Field research by Tim Gallagher and Martjan Lammertink, reported in Gallagher's 2013 book, found evidence — in the form of accounts by elderly residents in the bird's range who saw imperial woodpeckers decades earlier and who discussed their recollections with the researchers — that foresters working with Mexican logging companies in the 1950s told the local people that the woodpeckers were destroying valuable timber and encouraged the people to kill the birds. As part of this campaign, the foresters gave the local residents poison to smear on trees that the birds foraged on. Because groups of imperial woodpeckers tended to feed on a single huge, dead, old-growth pine tree for as long as two weeks, applying poison to such a tree would be an effective way to wipe out a group of up to one dozen of these huge woodpeckers — and, perhaps, even to kill off succeeding groups of the birds that might move into the area and be attracted to the same tree. Gallagher suspects that such a campaign of poisoning may be the key to the species' apparent catastrophic population crash in the 1950s, which has hitherto lacked a satisfactory explanation. A campaign of poisoning could well have killed whole groups of the bird in a short time. The premise of protecting valuable timber from the woodpeckers was, in fact, baseless. Imperial woodpeckers do not forage on or excavate nest or roosting holes in live, healthy trees.

In Gallagher's nonfiction account Imperial Dreams (2013), he discusses how difficult the search is for the imperial woodpecker due to its dangerous location. In Mexico's Sierra Madre Occidental, there are major marijuana and opium poppy-growing regions that are patrolled by armed guards. The drug cartels often kill anyone who comes too close to their crops.

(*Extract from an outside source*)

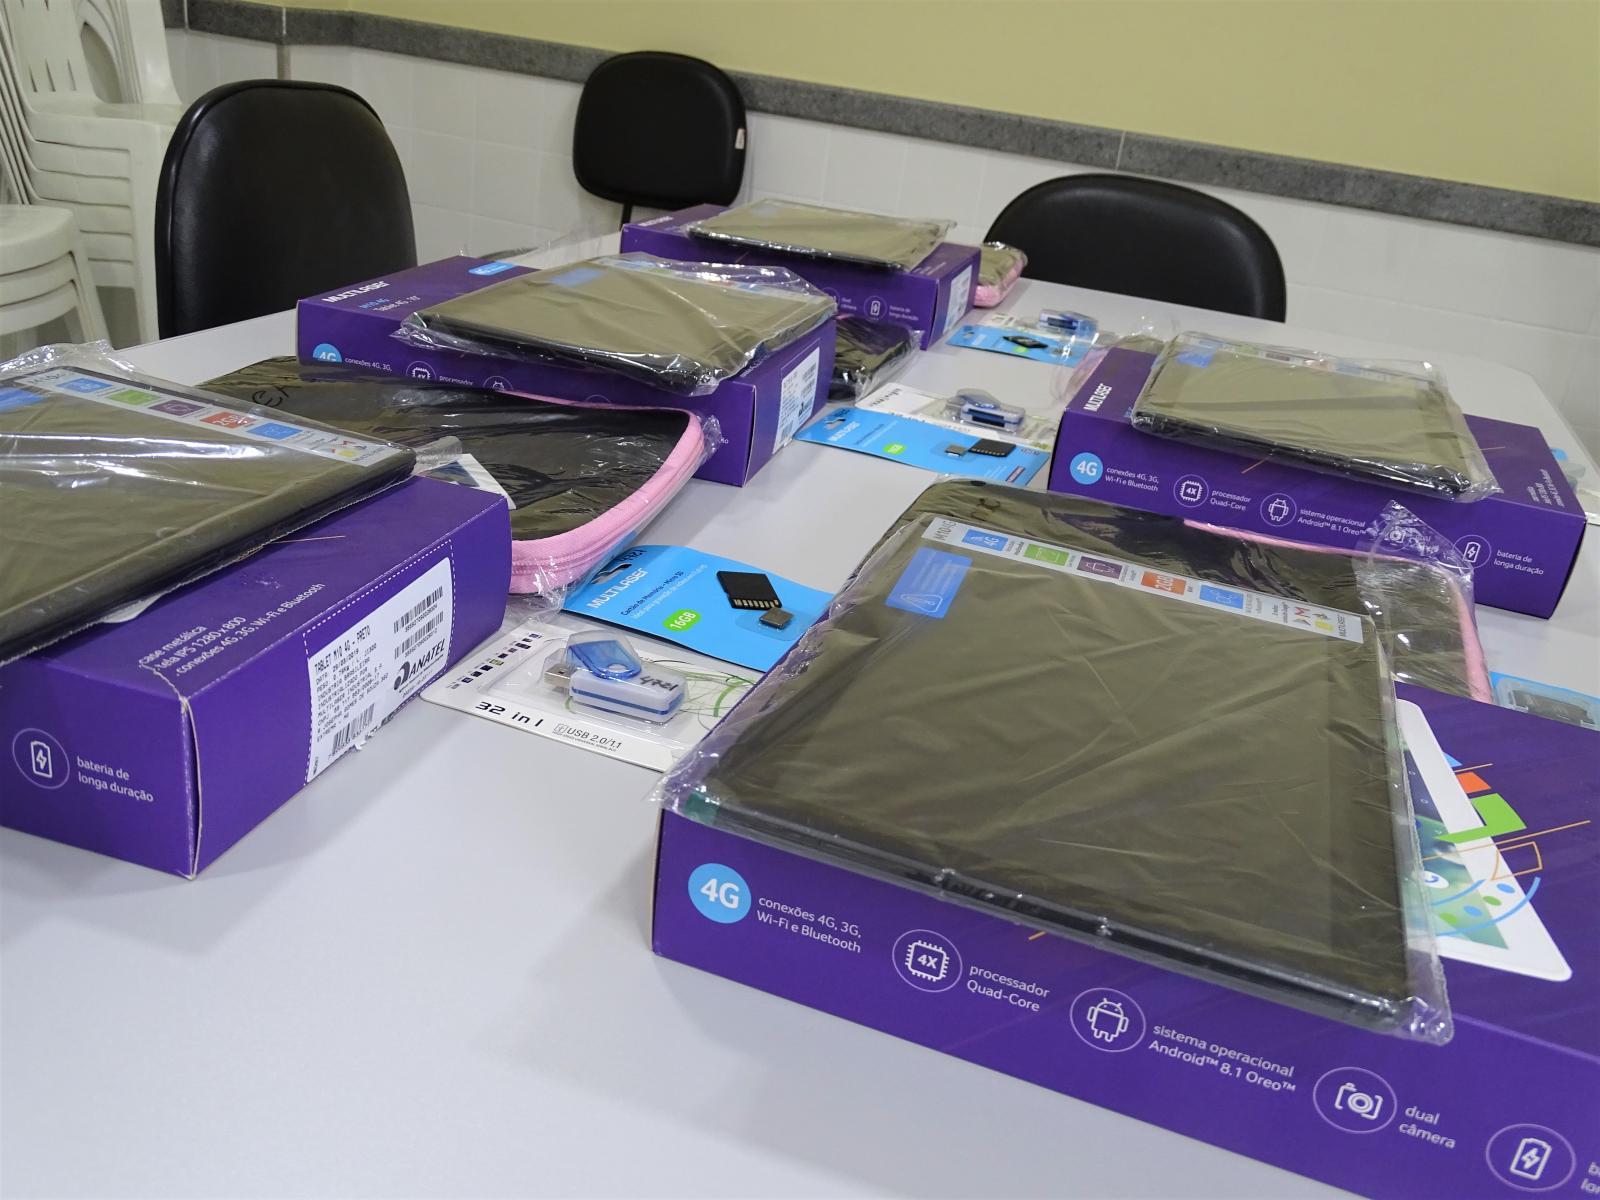 Prefeitura adquire tablets para as equipes da Secretaria Municipal de Assistência Social

A search of the multi-institution online specimen database VertNet reveals that only 144 physical specimens of the imperial woodpecker exist, including only three known complete skeletons. An overlooked woodpecker skeleton from the Natural History Museum at Tring appears to also belong to the species. The species is also known from a single amateur film from 1956 depicting one bird climbing, foraging and flying. The film has been restored and released by Cornell University. Gallagher's inspiration to search for the imperial woodpecker was this 1956 film, taken by dentist William Rhein, who made several trips to Mexico in search of the imperial woodpecker. This is the only known photographic record of the species.

The imperial woodpecker has been considered to be extinct by the Government of Mexico since 2001. However, its rediscovery or reintroduction would prompt immediate protection under the law.